Book.objects.count()

Django could be more intelligent about what annotations to include in the query produced by queryset.count(), stripping out any annotations that are not referenced by filters, other annotations or ordering. This should speed up calls to count() with complex annotations.

There seems to be precedent for this: select_related calls are ignored with count() queries.

Attachments (1)

ProductAndServiceUsage.json.zip (2.2 KB ) - added by shazad sarwar 4 years ago.

Download all attachments as: .zip

Change History (29)

comment:1 by Tim Graham, 8 years ago

Triage Stage:	Unreviewed → Accepted

comment:2 by Tom Forbes, 8 years ago

Owner:	changed from nobody to Tom Forbes
Status:	new → assigned

comment:3 by Tom Forbes, 8 years ago

Same can be done for exists()

comment:4 by Tom Forbes, 7 years ago

WIP PR: https://github.com/django/django/pull/8928/files

comment:5 by Simon Charette, 7 years ago

Has patch:	set

comment:6 by Tim Graham, 7 years ago

Patch needs improvement:	set

The PR is still marked [WIP] and there are test failures.

comment:7 by Reupen Shah, 6 years ago

I have also run into problems with QuerySet.count() being very slow on annotated query sets.
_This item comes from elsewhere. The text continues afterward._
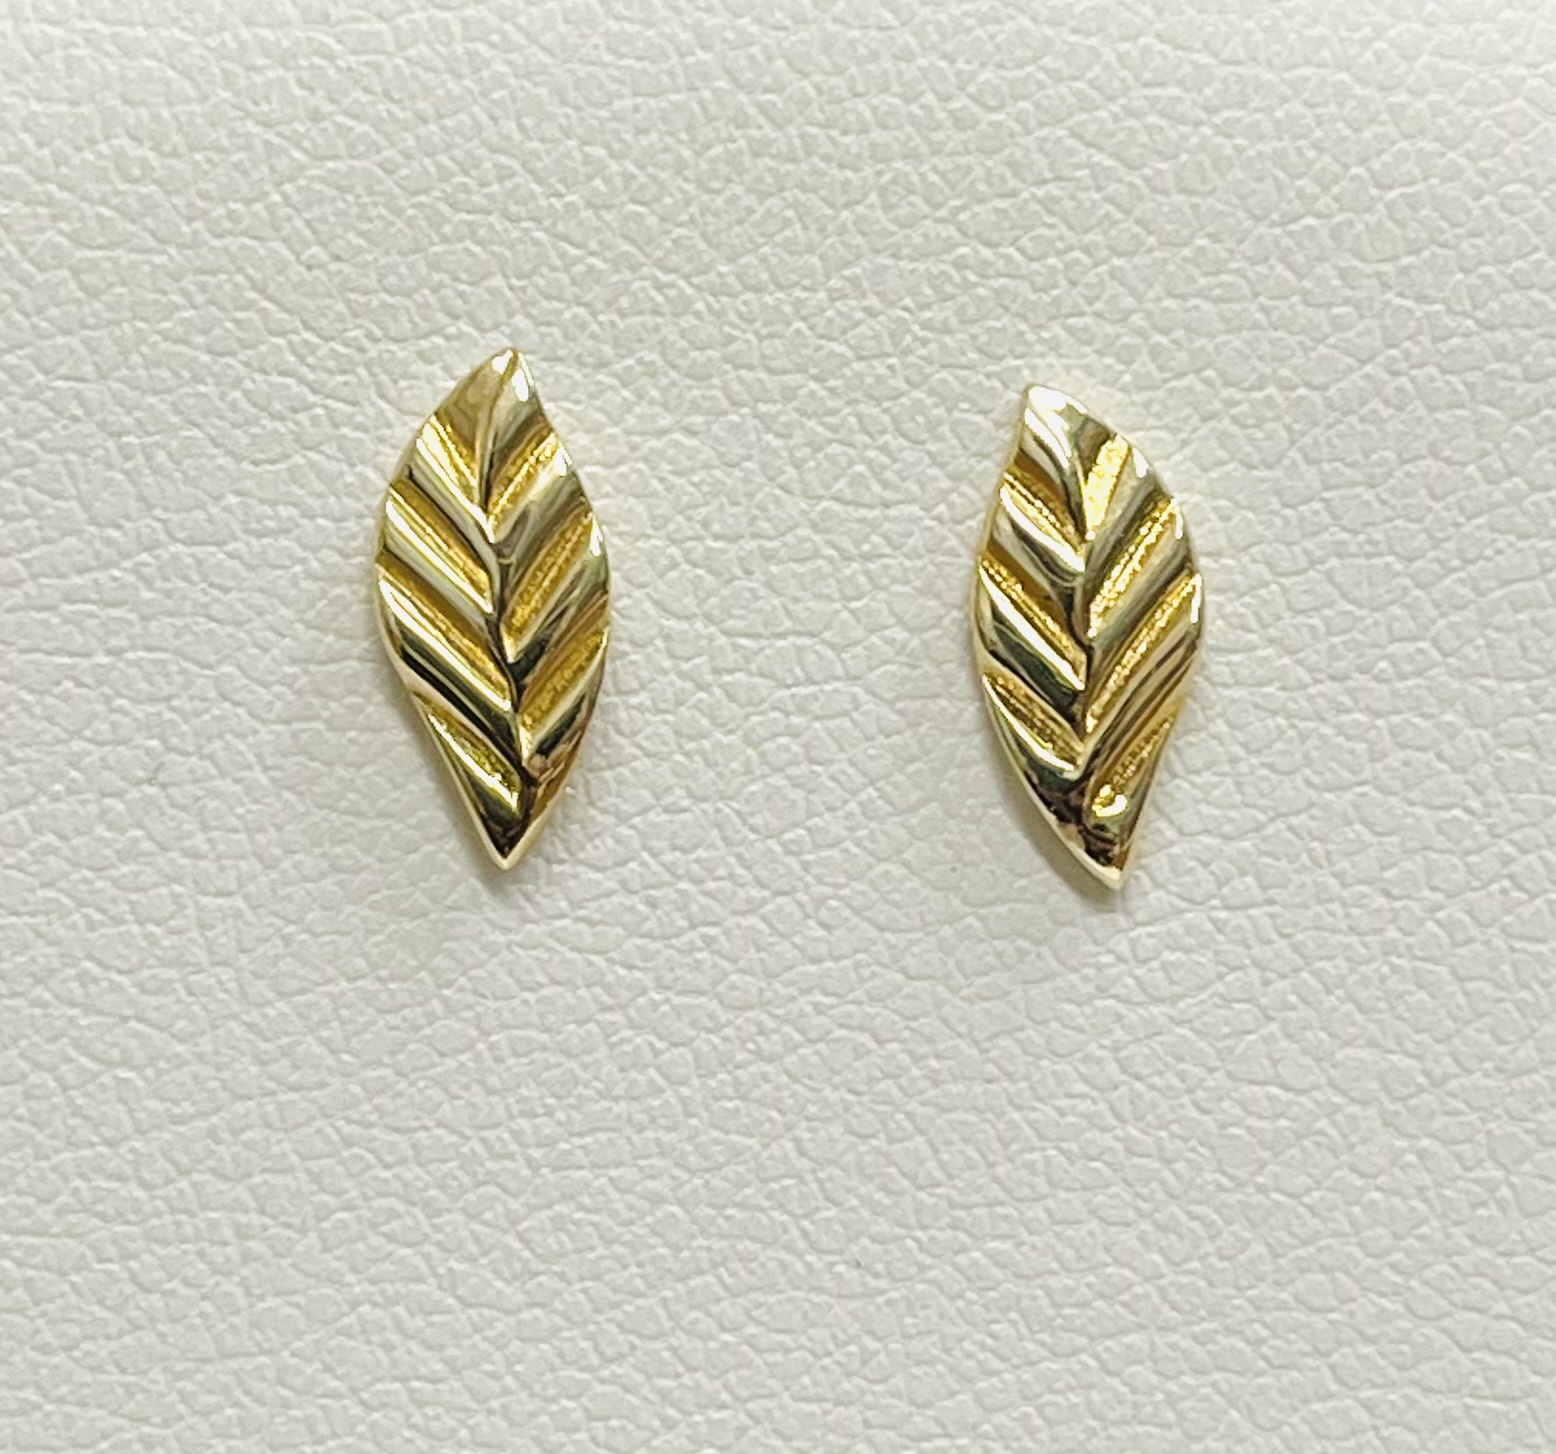 The secret garden oak leaf earrings by Pippa Small | Finematter
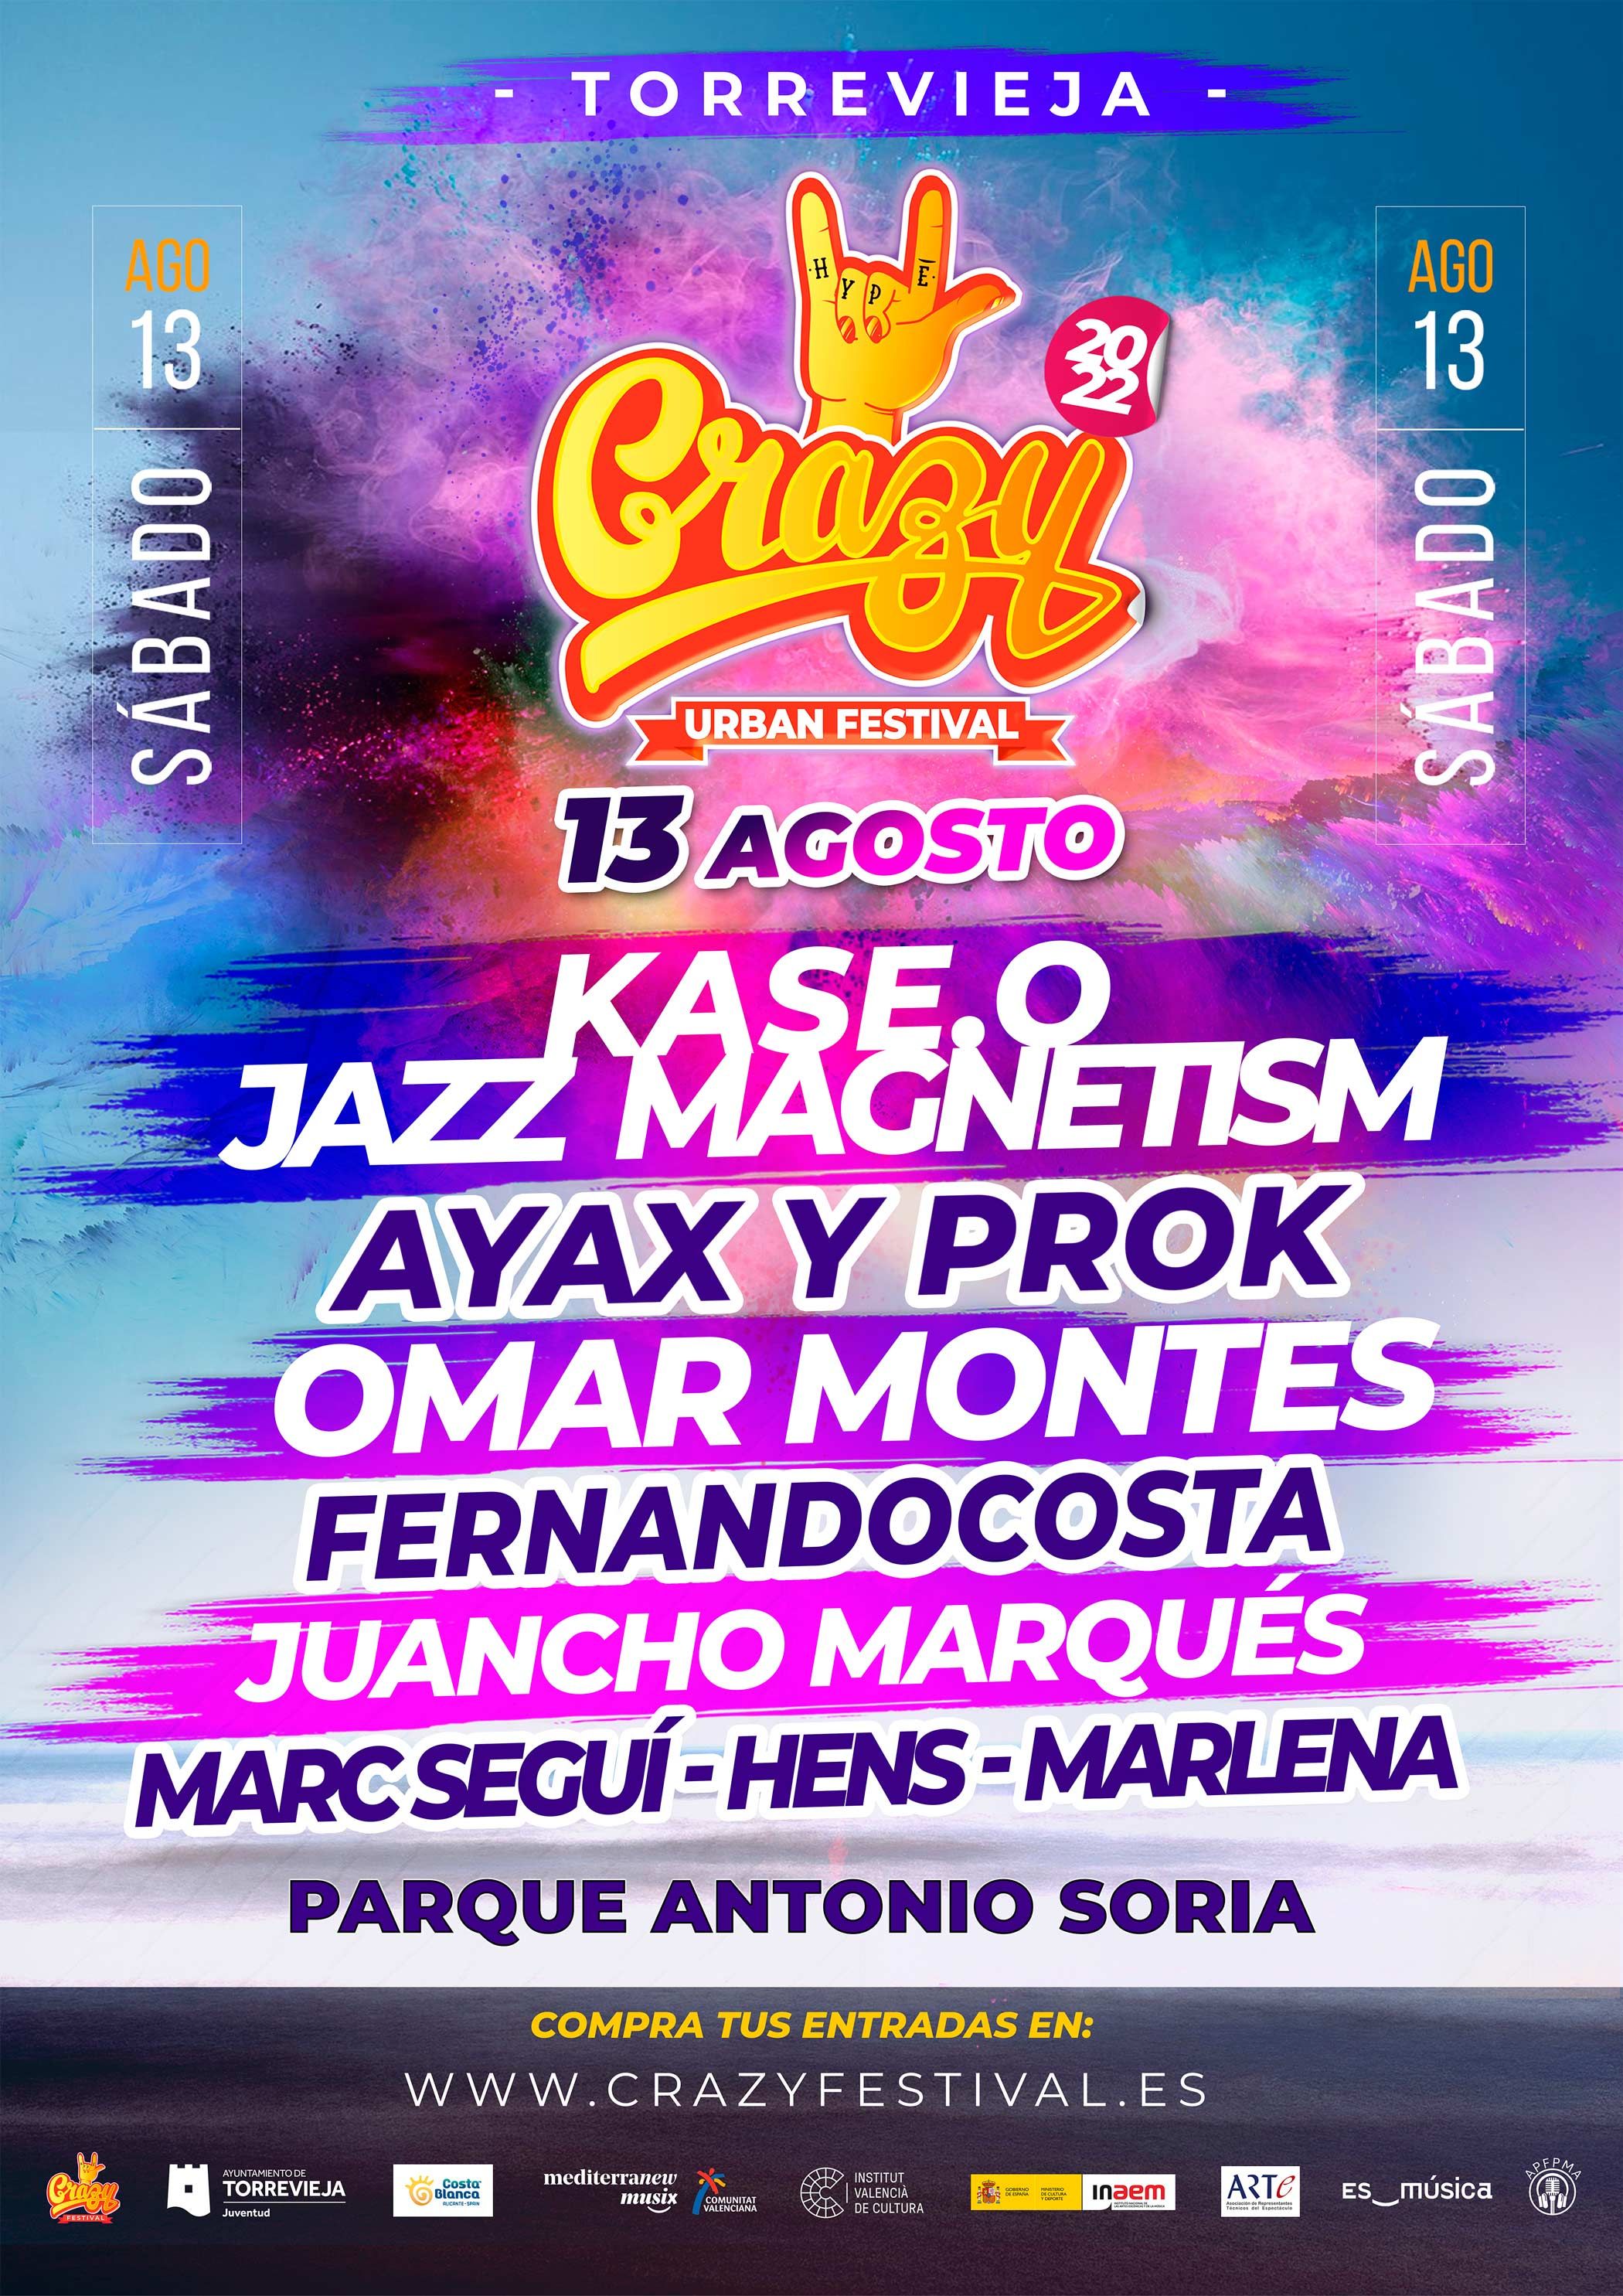 Crazy Urban Festival congregará, el próximo sábado 13 de agosto en el Parque Antonio Soria de Torrevieja, a miles de seguidores de la música urbana

Django uses a subquery for the count but injects a group by into the subquery. This typically causes the database server to deduplicate all matched rows using the group by columns which is, in general, extremely slow when there are a large number of matched rows.

For example, consider the following model:

class Person(models.Model):
    """Person model."""

    first_name = models.TextField()
    last_name = models.TextField()
    country = models.TextField(null=True, blank=True)

and query set:

from django.db.models.functions import Concat
from django.db.models import Value

queryset = Person.objects.annotate(full_name=Concat('first_name', Value(' '), 'last_name'))

queryset.count() generates the following query under PostgreSQL:

SELECT COUNT(*)
FROM
  (SELECT "support_person"."id" AS Col1,
          CONCAT("support_person"."first_name", CONCAT(' ', "support_person"."last_name")) AS "full_name"
   FROM "support_person"
   GROUP BY "support_person"."id",
            CONCAT("support_person"."first_name", CONCAT(' ', "support_person"."last_name"))) subquery

list(queryset) generates:

SELECT "support_person"."id",
       "support_person"."first_name",
       "support_person"."last_name",
       "support_person"."country",
       CONCAT("support_person"."first_name", CONCAT(' ', "support_person"."last_name")) AS "full_name"
FROM "support_person"

I am not entirely sure why the subquery for the count needs to be any different from the query used when the query set itself is evaluated. There are some relevant comments in the source code here: https://github.com/django/django/blob/5deb7a86e8b54d052a3b1dbed1ae7142d362b1c5/django/db/models/sql/query.py#L404-L414

This has all been tested under Django 2.1.7.

comment:8 by Simon Charette, 6 years ago

This is somewhat related to #30158 where the compiler is not smart enough to determine if it can exclude subquery annotations from GROUP BY on aggregation.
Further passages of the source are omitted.